東北電力、東通原発の不正記録問題で改善措置19項目を規制庁に提出
要約
侵入感知センサーの性能試験や点検で未実施の工程を実施済みと記録していた問題を受け、約8カ月の原因分析を経て再発防止策をまとめた。石山社長ら6人は報酬の一部を自主返上する。
19項目の改善措置を策定
東北電力は2026年2月18日、東通原子力発電所(青森県東通村)における不正記録問題について、改善措置報告書を原子力規制庁に提出した。外部からの侵入を感知するセンサーの性能試験・点検で、原子力規制委員会などが求める工程を実施していなかったにもかかわらず実施済みとして記録を作成していた問題を受けたもので、再発防止に向けた19項目の改善措置を策定した。

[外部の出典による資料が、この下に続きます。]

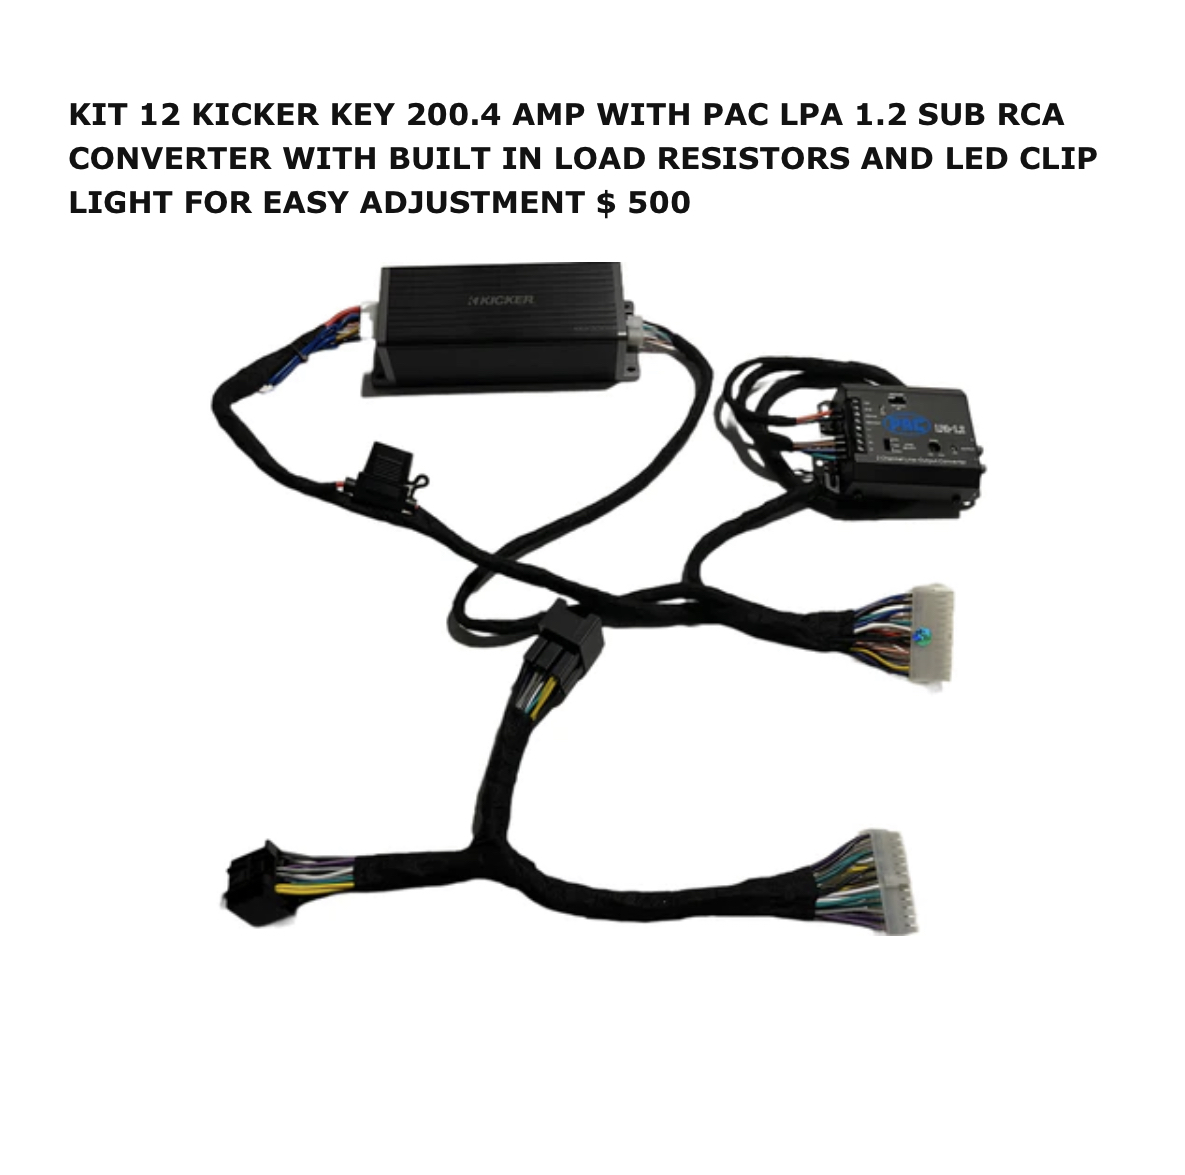 Ford Bronco Kicker Key kit 12 $400 plus shipping 8098FE0F-4ACF-49A0-A02D-5ED9A7AA6B7F

具体的な改善措置としては、原子力分野に携わる人員の増員や、経営陣と発電所員の対話の場の設置などが盛り込まれた。同社は2025年6月から2026年2月にかけて約8カ月間、経営陣を含む社員へのインタビューや事実関係の整理を実施し、不適切事案の原因を分析した上で今回の措置を取りまとめた。
社長ら6人が報酬自主返上
東北電力は同日、石山一弘社長や樋口康二郎会長ら6人が月額報酬の20%を2カ月間自主返上することも発表した。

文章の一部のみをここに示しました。